The first industrial brewery in Lviv appeared in 1715 after the Polish Count Stanislaw Potocki issued a permit to the Jesuit monks to build a brewery in the Krakow suburb of Lviv. This date is considered the beginning of the Lviv brewery activity. Its current owners are represented as the date of the appearance of the beer "Lvivske" (in fact, it received the status of a trademark already in the Soviet period). After the Jesuit Order was deprived of all its rights and privileges, the Lviv brewery became the Lviv Joint-Stock Company of Brewers' property.

Under the Soviet Union, the Lviv brewery became the state's property and was renamed the Kolos plant. At the same time, the beer "Lvivske" received its official name and trademark status. "Lvivske" retained its benchmark quality and became the best beer in the Soviet Union.

After the collapse of the Soviet Union, the Kolos plant was again renamed the Lviv Brewery, which in 1999 became part of the Baltic Beverages Holding company, since 2008 owned by the Carlsberg Group.

In 2015, the brand celebrated its 300th anniversary.

The brand "Lvivske" is a sponsor of many events and festivals, including the European Football Championship 2012, the Eurovision Song Contest 2017 and others.

In 2018, "Lvivske Dunkel" won the East European Beer Award as the best dark lager.

In 2016–2018, the brand's share in the Ukrainian market (in monetary terms) fluctuated around 9-10 %. At the end of 2020, the brand became the market leader for the first time, with a share of 14.6%.

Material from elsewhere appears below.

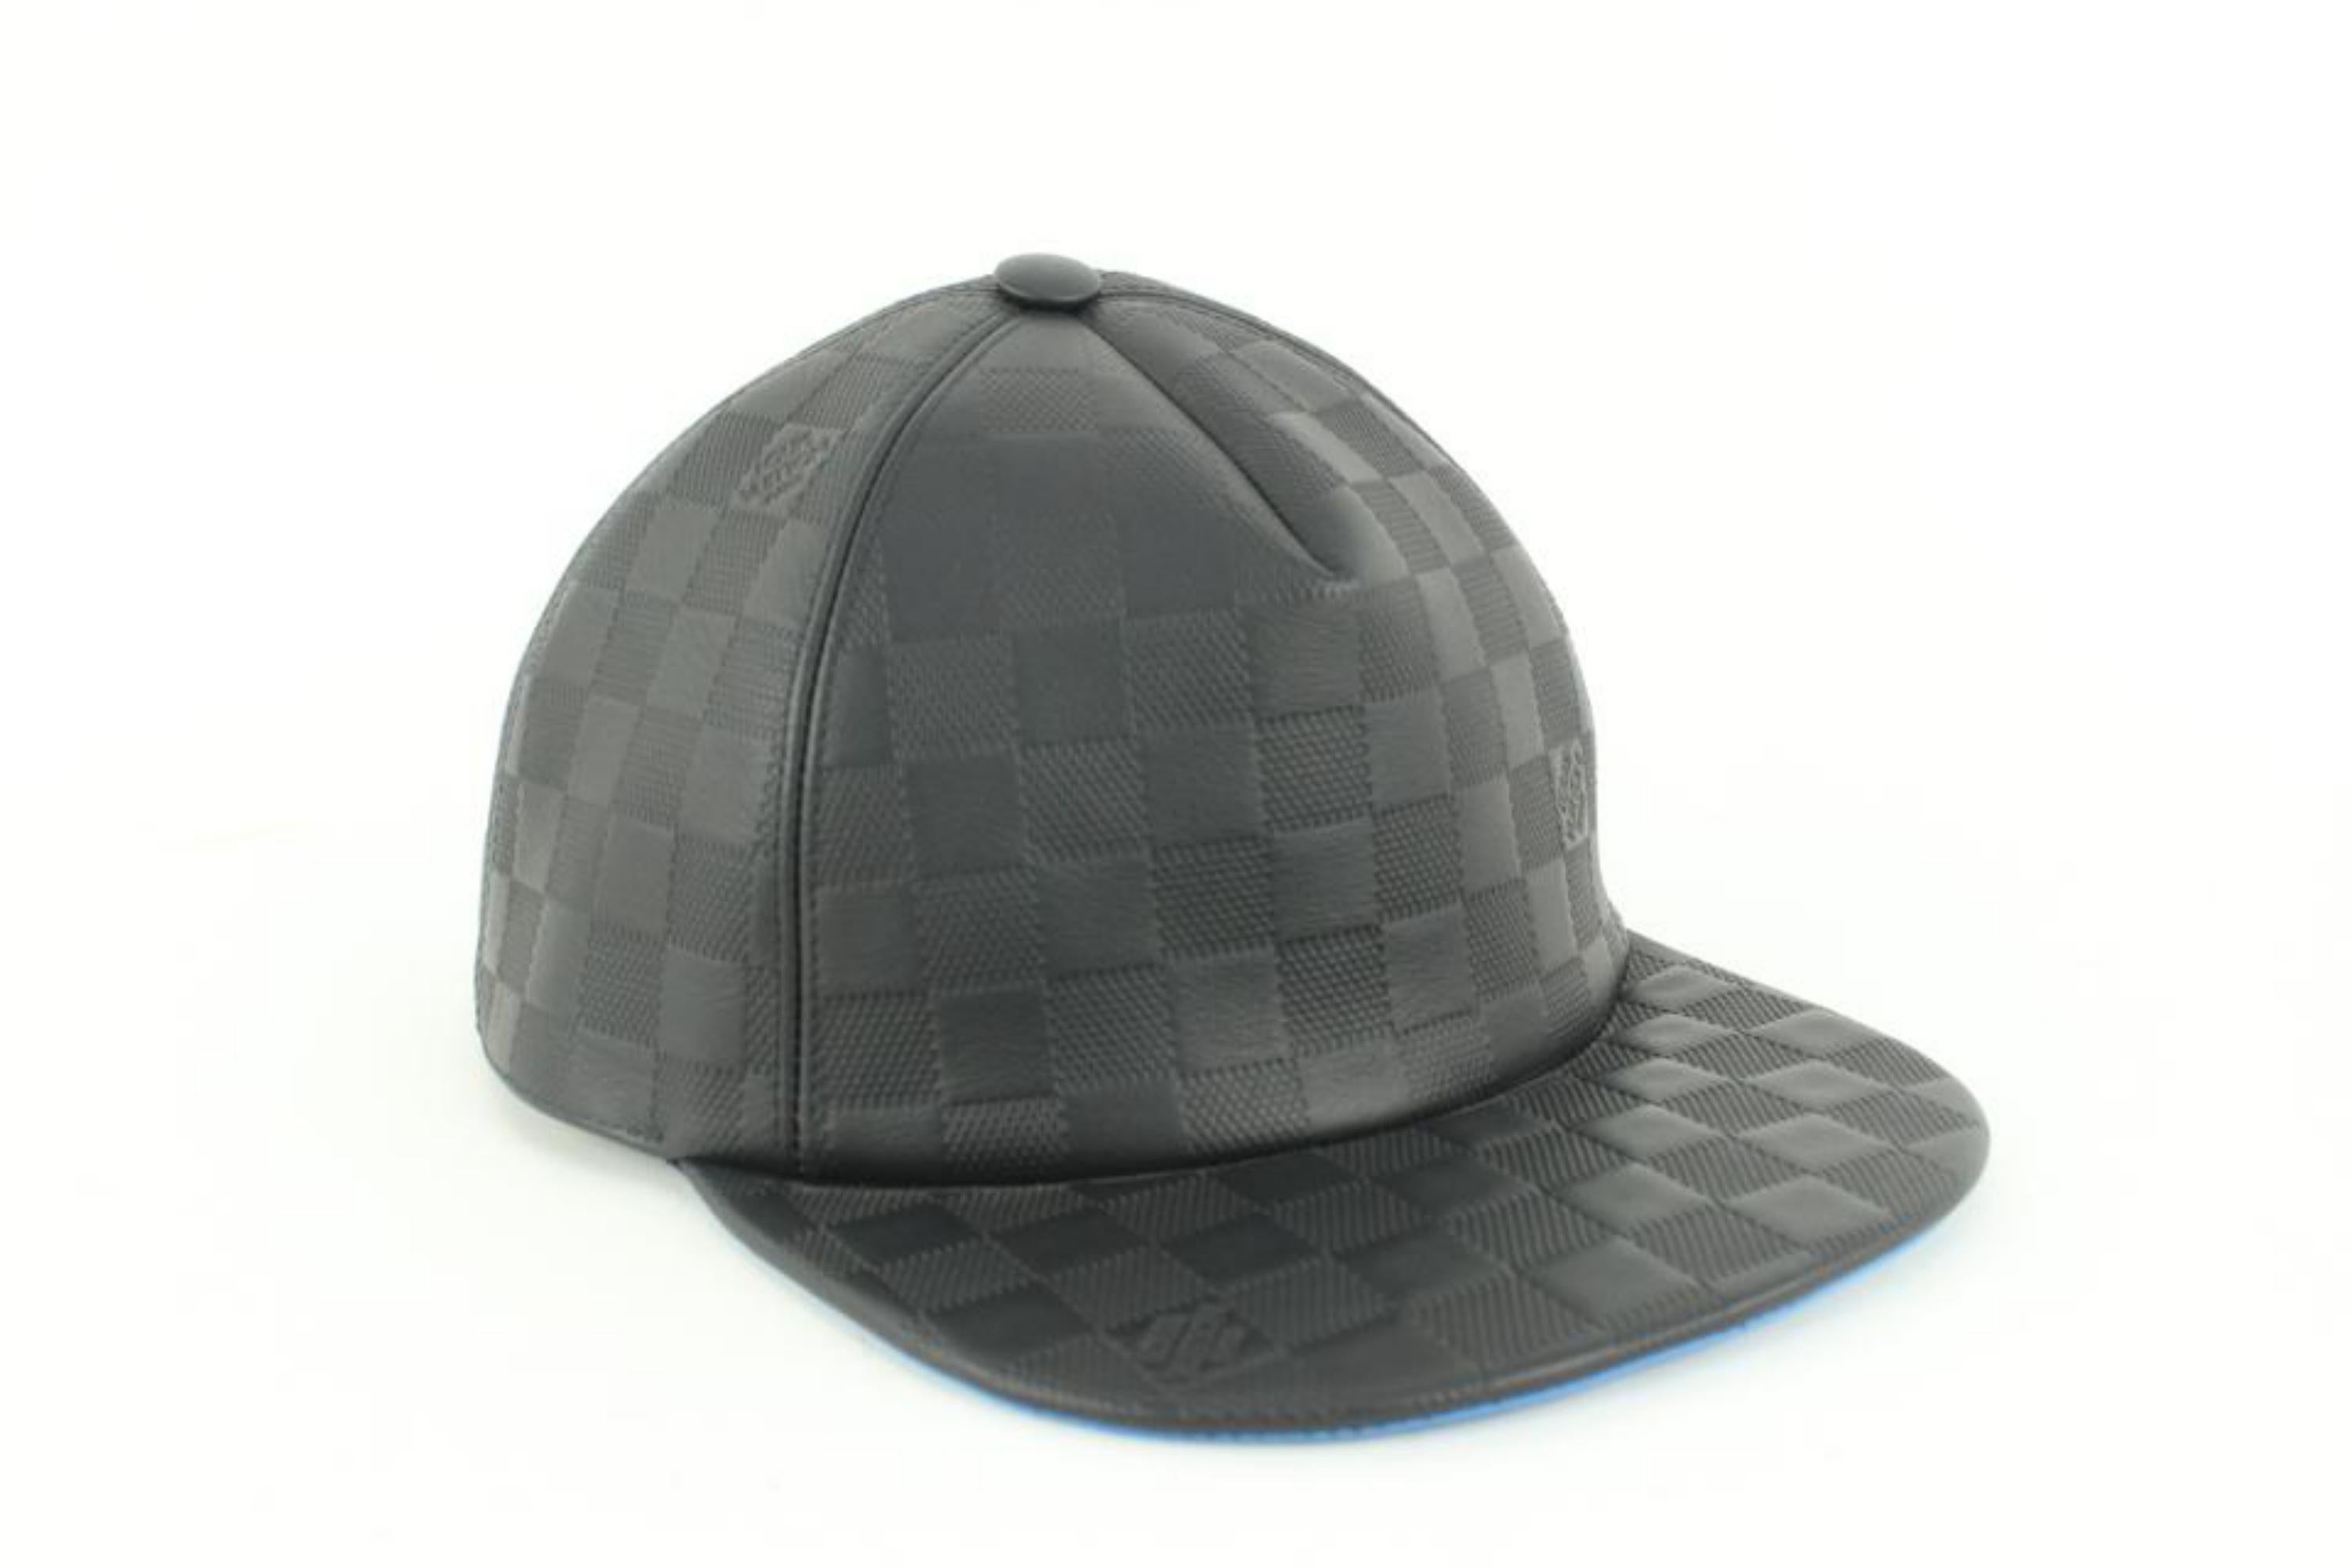 Louis Vuitton 21FW Black x Blue Leather Damier Infini Baseball Cap Hat 16lv45 In New Condition For Sale In Dix hills, NY

From January 2021, "Lvivske" became the new National Sponsor of the Ukraine national football team. A cooperation agreement was signed with the Ukrainian Football Association for the next 4 years.

==Product lines ==
"Lvivske" is represented by the following varieties:
- "Lvivske 1715" — light beer brewed according to the classic recipe, 4.7% alcohol.
- "Lvivske Exportowe" — light beer with a fruity-spicy taste, 5.5% alcohol.
- "Lviske Lev Bile Pshenychne" - wheat beer, 4.8% alcohol.
- "Lvivske Bilyy Lev" — light beer, 4.7% alcohol.
- "Lvivske Veselyy Batiar" — unfiltered light beer, 3.8% alcohol.
- "Lvivske Dunkel" — dark beer with a pronounced caramel taste, 4.7% alcohol.
- "Lvivske Lev Bile Pshenichne" — light wheat beer, 5% alcohol.
- "Lvivske Lev Dark" — dark beer, with a light caramel taste, 4.7% alcohol.
- "Lvivske Myake" — light, pasteurized beer with a mild, soft taste and a floral and hop aroma, 4.2% alcohol.
- "Lvivske Porter" — dark beer with a wine flavour, 8% alcohol.
- "Lvivske Rizdviane" — dark beer with a caramel-spicy aroma and a hint of Christmas spices, 4.4% alcohol.
- "Lvivske Svitle" — light, light beer, 4.5% alcohol.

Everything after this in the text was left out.